Page Reanotation of the genome of Carsonella Ruddii using non-collinear methods
Description will follow shortly
Layout of project
Project progress
Identification of the species set
- I will only used genomes from gammaproteobacteria. The set of species will be extended later
- For validation purposes I will analyze the species used in Moya et al. paper from 2007:
- U00096.2 (E.Coli)
- Four different str. of Buchnera aphidicola:
- BA000003
- AE013218
- AE016826
- CP000263
- In the original paper the authors do not consider any plasmids of the species.
- Set of species I have so far (all sequences were downloaded on the 01.06.10):
- Carsonella Ruddii PV (160 kb genome, 213 genes) (grammaproteobacteria) (AP009180.1)
- Buchnera aphidicola BCc (Cc) (+ a plasmid) : 450 kb. (grammaproteobacteria) (CP000263.1)
- Candidatus Blochmannia floridanus: 705 kb. (631 genes). (grammaproteobacteria) (BX248583.1)
- Wigglesworthia glossinidia (+ a plasmid): 698 kb. (651 genes) (gammaproteobacteria) (BA000021.3)
- Baumannia cicadellinicola str. Hc: 686 kb (651 genes) (grammaproteobacteria) (CP000238.1)
- To identify the phylogenetic tree of these species I intend to use the 16S-rRNA sequence.
Results of 16S-rRNA comparison
- I've extracted the 16S-rRNA sequence from all species. Then:
- I will use the ML-tree to guide the building of a progressive alignment (e.g. in S-LAGAN)
REINERT: Yes. Use S-Lagan or SuperMap. Use a working program do not spend to much time making others work. What are the next intended steps?

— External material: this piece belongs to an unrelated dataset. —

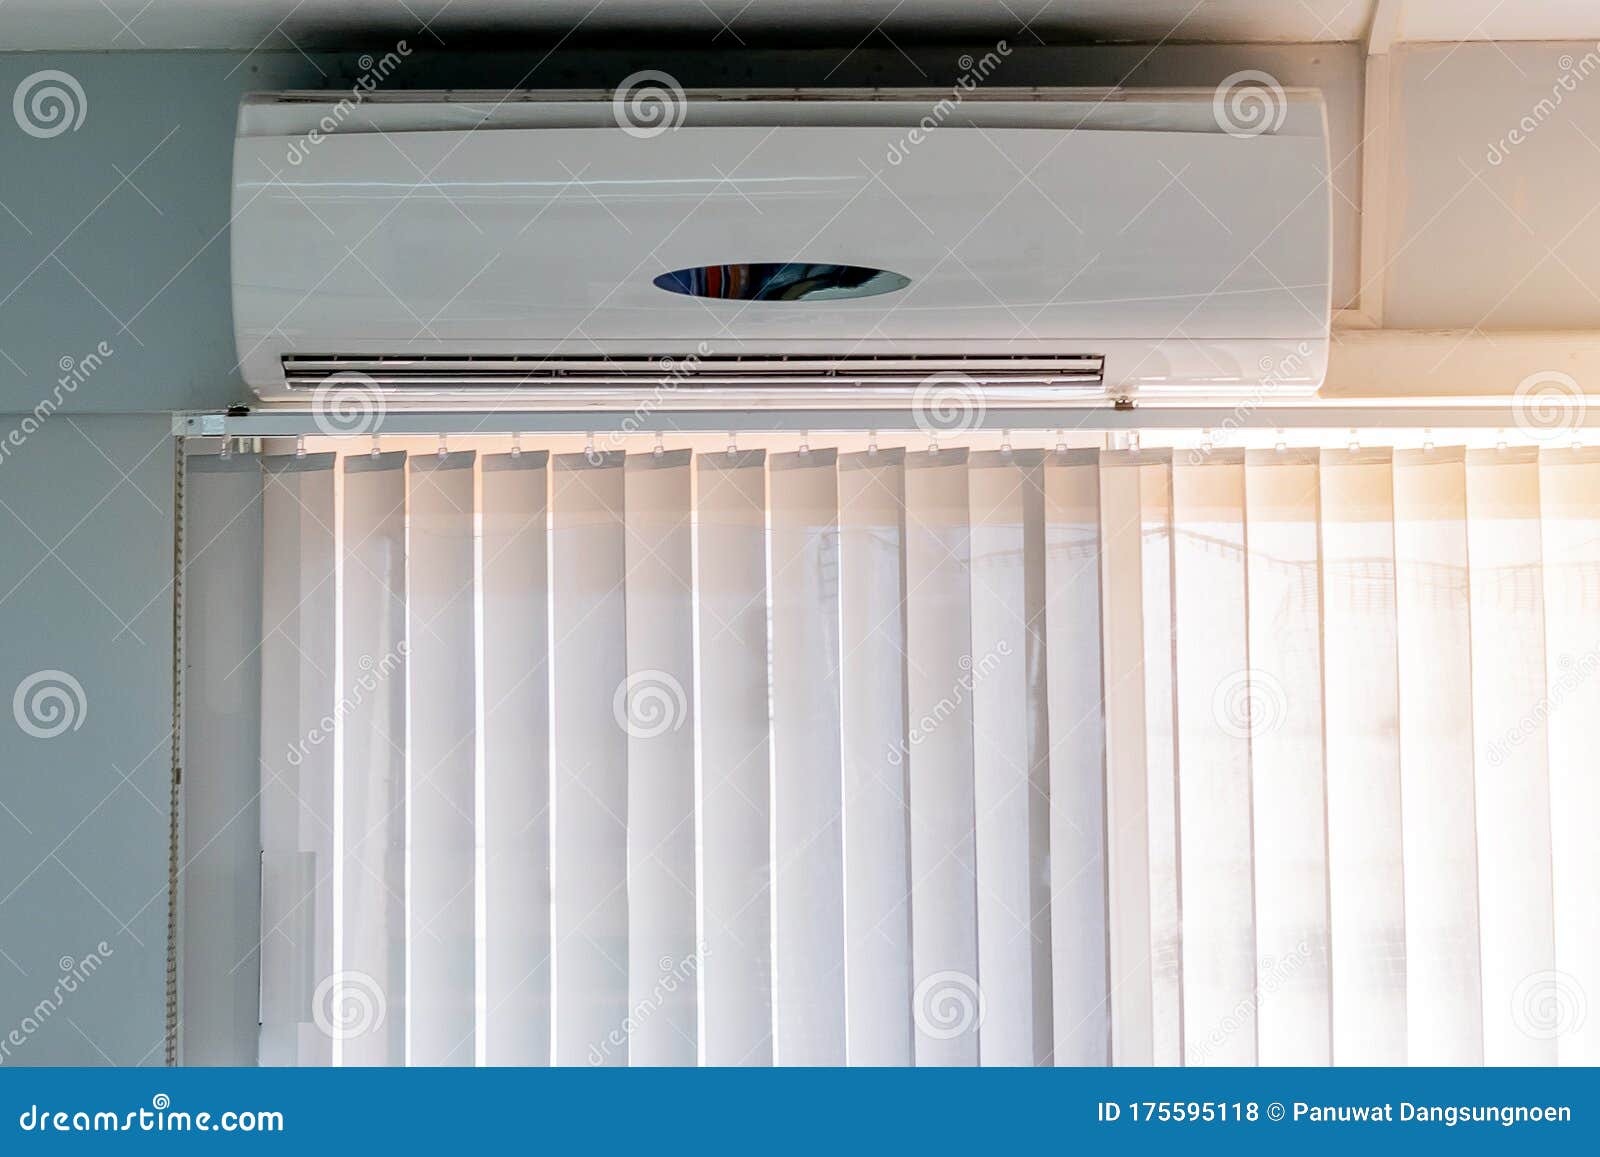 Air Conditioner Inside the Room of Office or House Stock Photo - Image

Think about one manageable outcome. You can certainly not re-evalutate the complete annotation.
Next steps (deutsch)
- Parsen von der aktuell annotierten Version des Carsonella Genoms und des ABA Ergebnisses.
- Statistische Auswertung des Ergebnisses mit R
- Finde ich dieselben Gene. Finde ich andere/neue Gene. Ist die Anzahl der gefundenen Gene signifikant anderes.
Problems and Questions
- Identification of a proper set of species appears to be not quite simple. C.Ruddii is classified as unclassified Gammaproteobacteria. I was told, that "normally" one can define a phylogenetic tree using the sequence of 16S rRNA, which has to be present in all bacteria in order for them to exist. (todo: check for a publication)

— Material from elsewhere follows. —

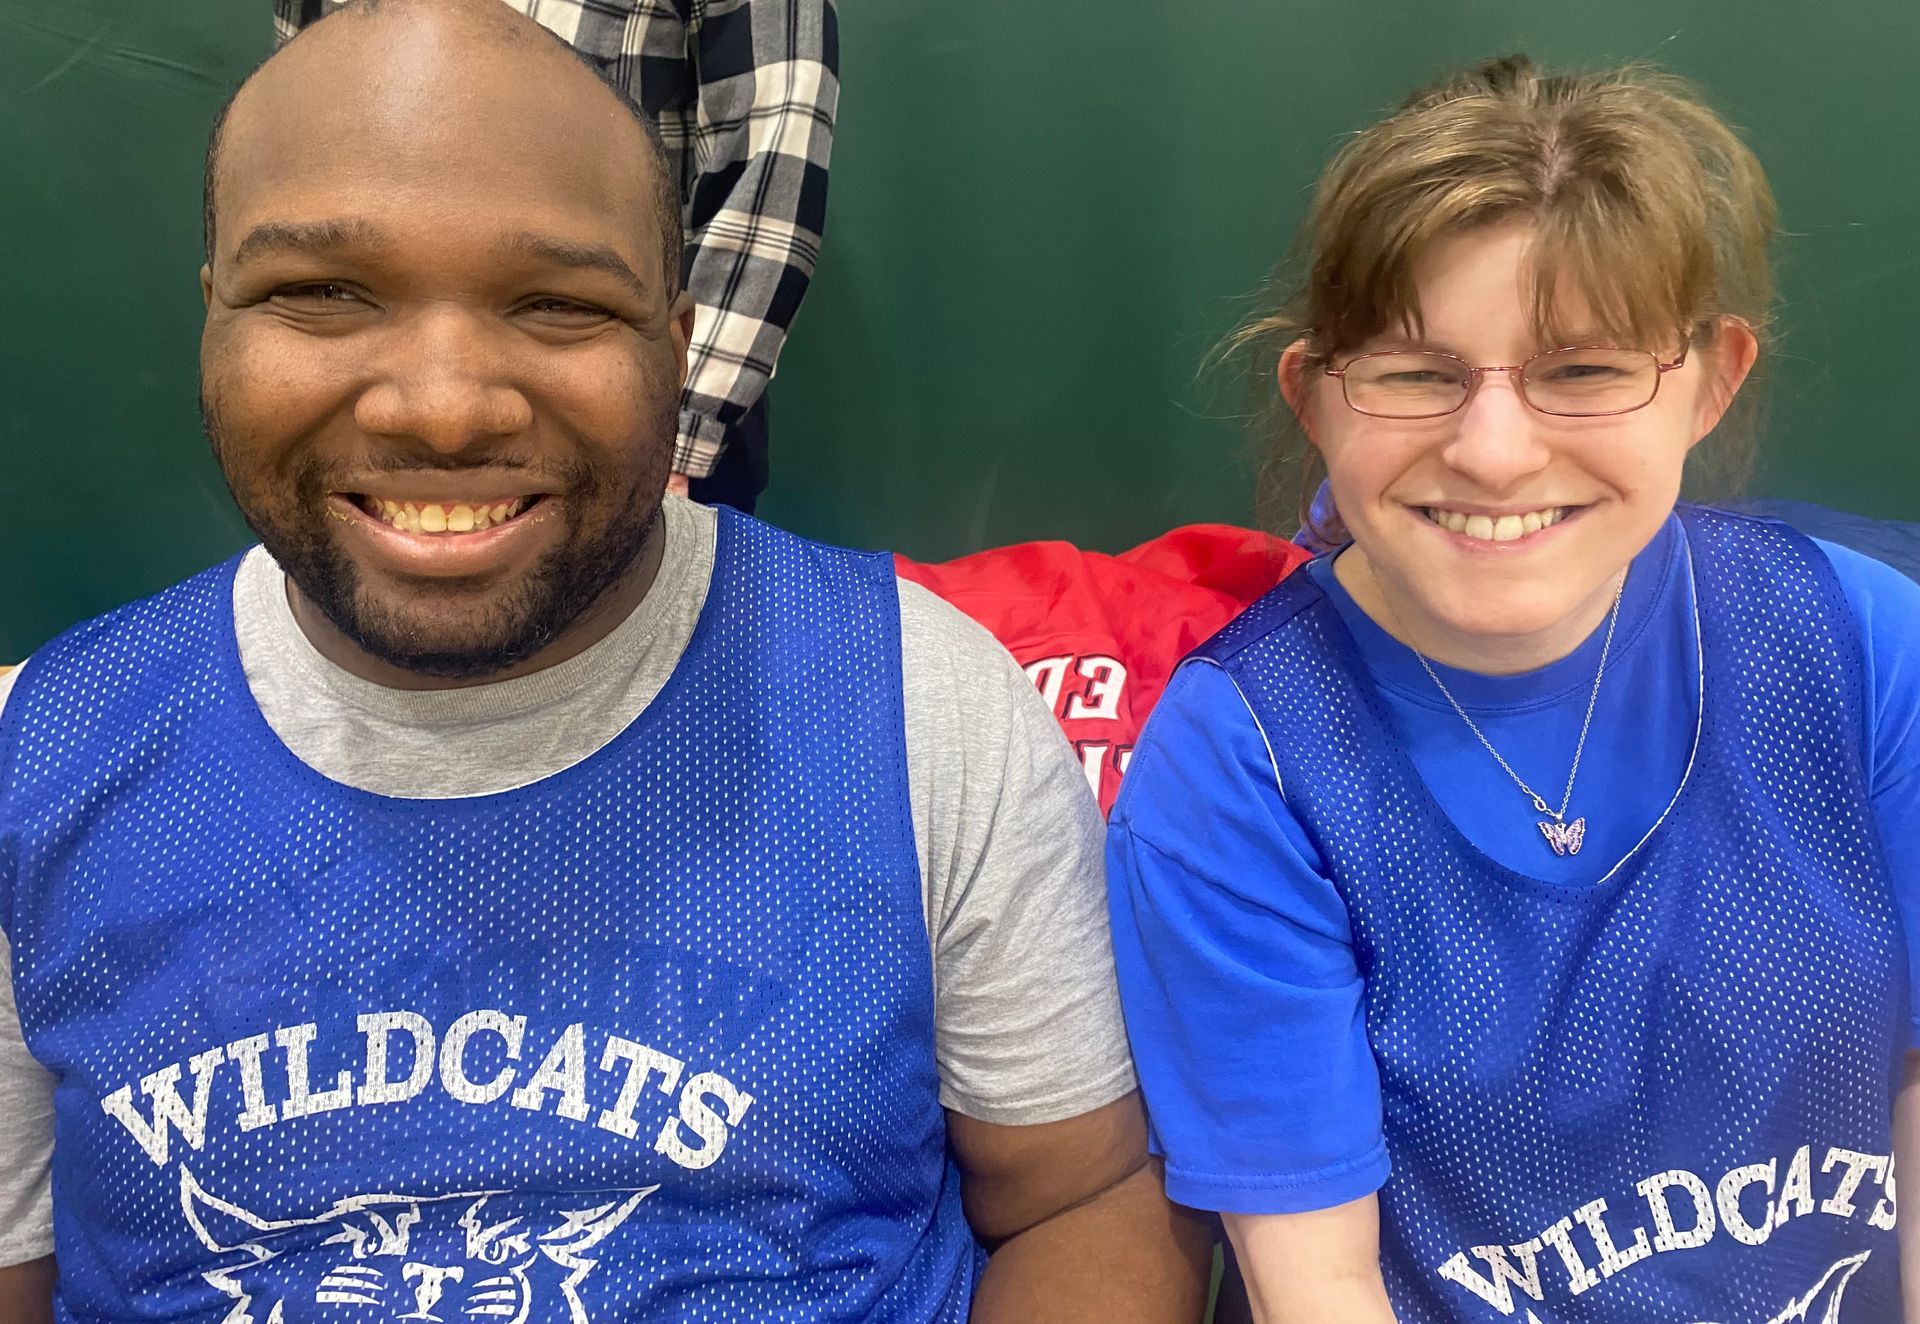 Two Wildcat Basketball players wearing blue jerseys smile for the camera

- Can anyone name me a alignment program that uses ABA (A-Bruijn Alignment)? I discovered AliWABA, but the webservice they provide is not available (
BIRTE: The authors provide an implementation for download. The link is given on page 2 of the paper:
IVAN: Thx. I've downloaded and installed it successfully.
- SuperMap:
- What is the CHAOS format; CHAins Of Seeds ?
- What format does the scoring file need?
- Supermap needs some GPDB config file… Genome Profile DataBase. Their website is sort of down right now
- ABA Problems:
- I do understand the output now, but it is still strange.
- Here (out1.pdf) and Here ( is the output of the example run of two small sequences (chloroplasts of two plants). In the nodes are the positions in each of the relevant sequence. The problem is that I only have two sequences here and in the output there are numbers ranging from 0 to 4…
- I don't understand the color of some edges => why are some edges colored? Do they represent a strongly supported "path"?